■ EXERCISE BRIEF
The required result is an exact copy of every line from the one with "18K Gold 3.11 Emerald 3.22 Diamond Ring - 2" through the last line below, with the pictures left out.

■ SOURCE DATA
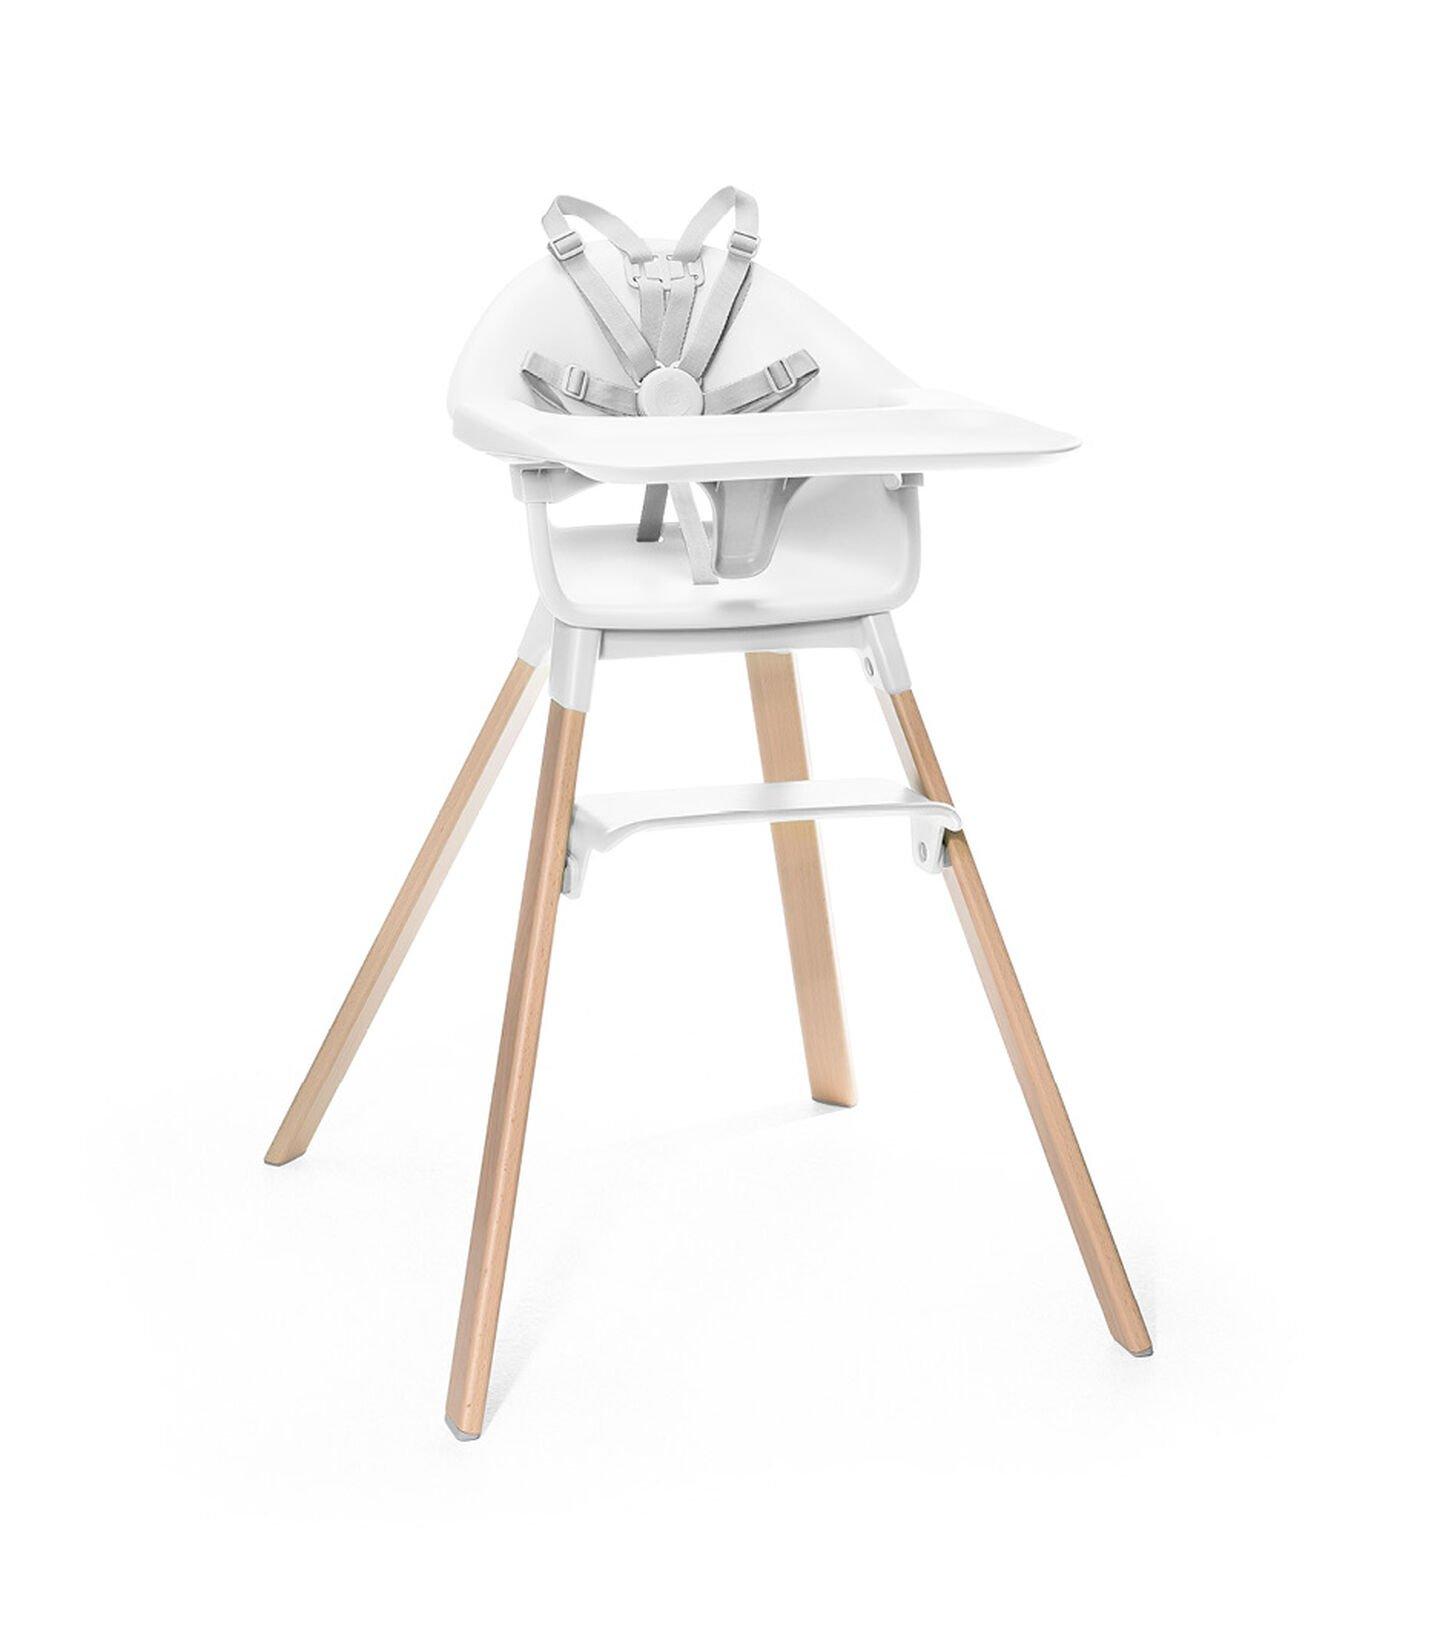 Stokke® Clikk™ High Chair White, White, mainview view 1
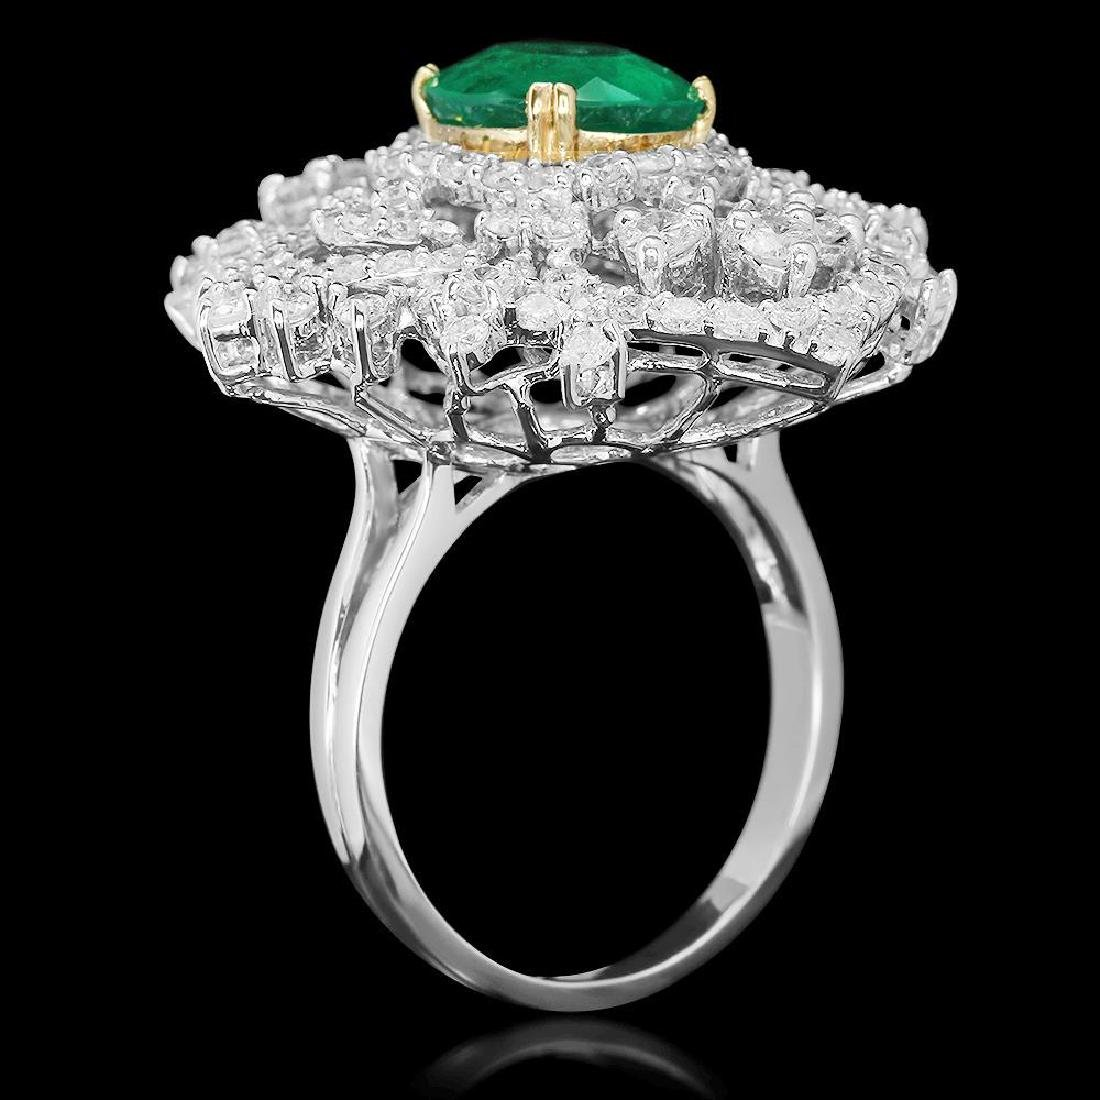 18K Gold 3.11 Emerald 3.22 Diamond Ring - 2
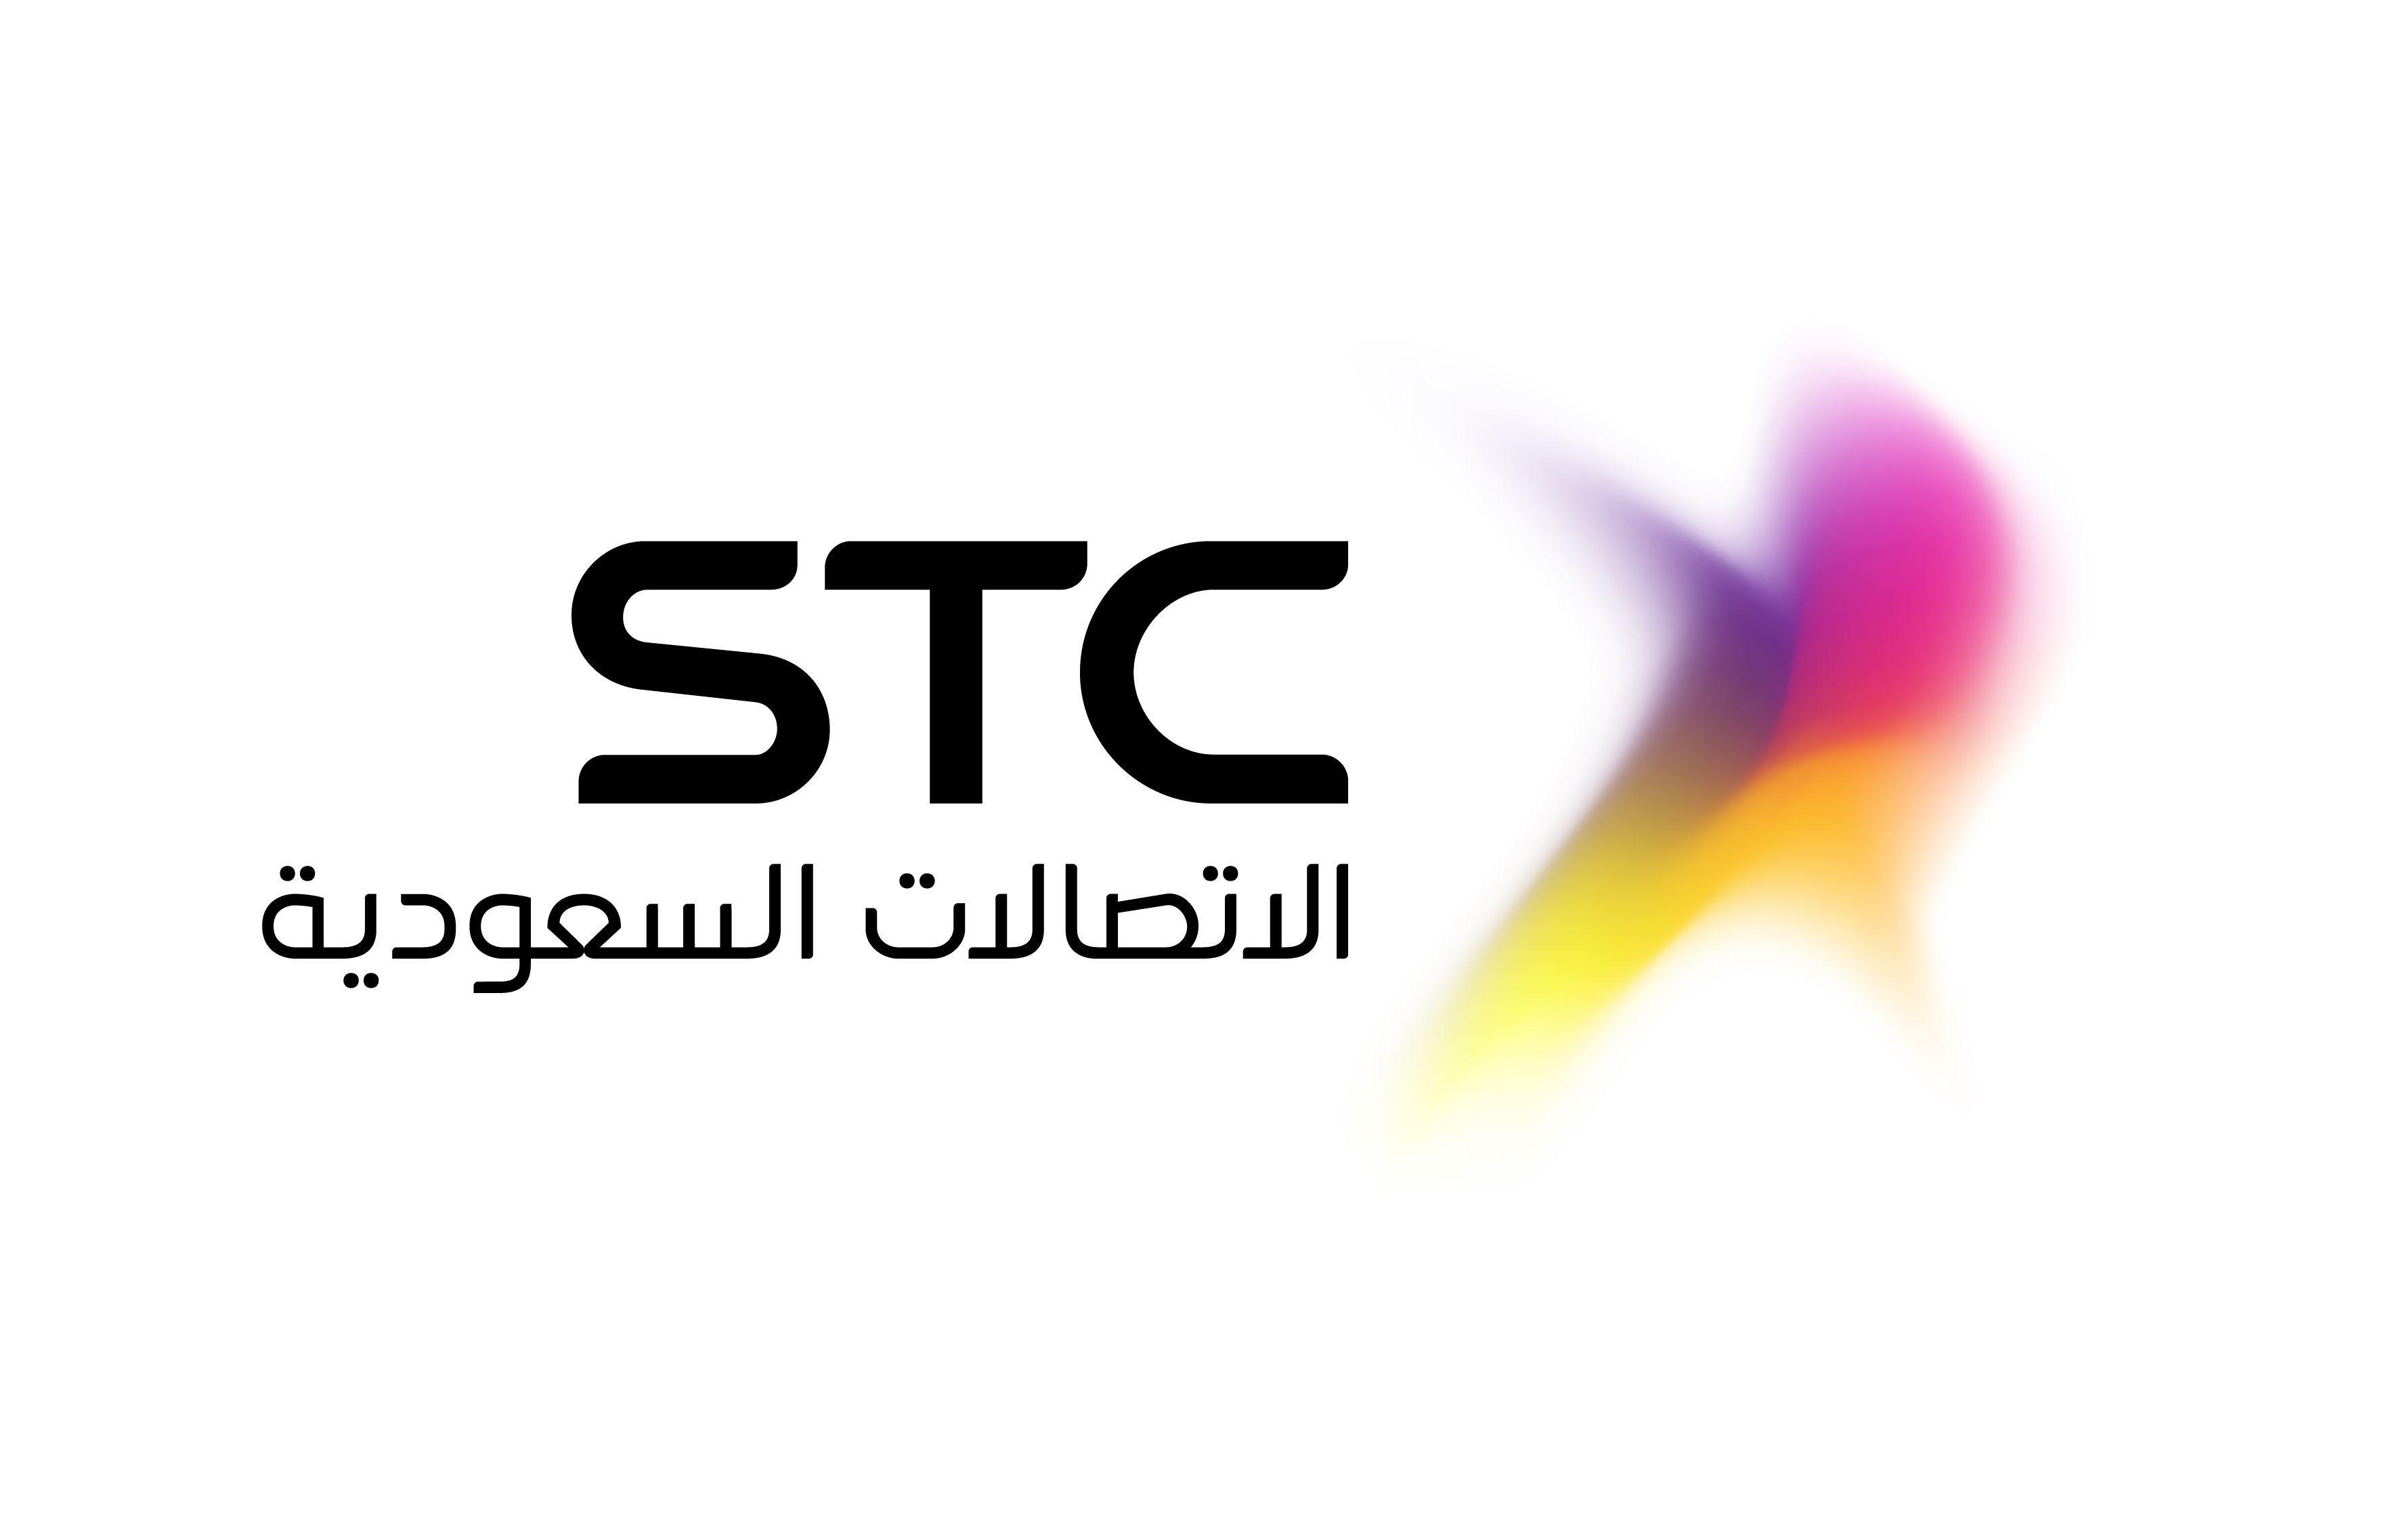 Stc تستقبل الدفعة الثالثة من طلبات الانضمام لحاضنة الأعمال انسبايريو New Technology Digital Technology

■ ANSWER TO THIS EXERCISE
 18K Gold 3.11 Emerald 3.22 Diamond Ring - 2
 Stc تستقبل الدفعة الثالثة من طلبات الانضمام لحاضنة الأعمال انسبايريو New Technology Digital Technology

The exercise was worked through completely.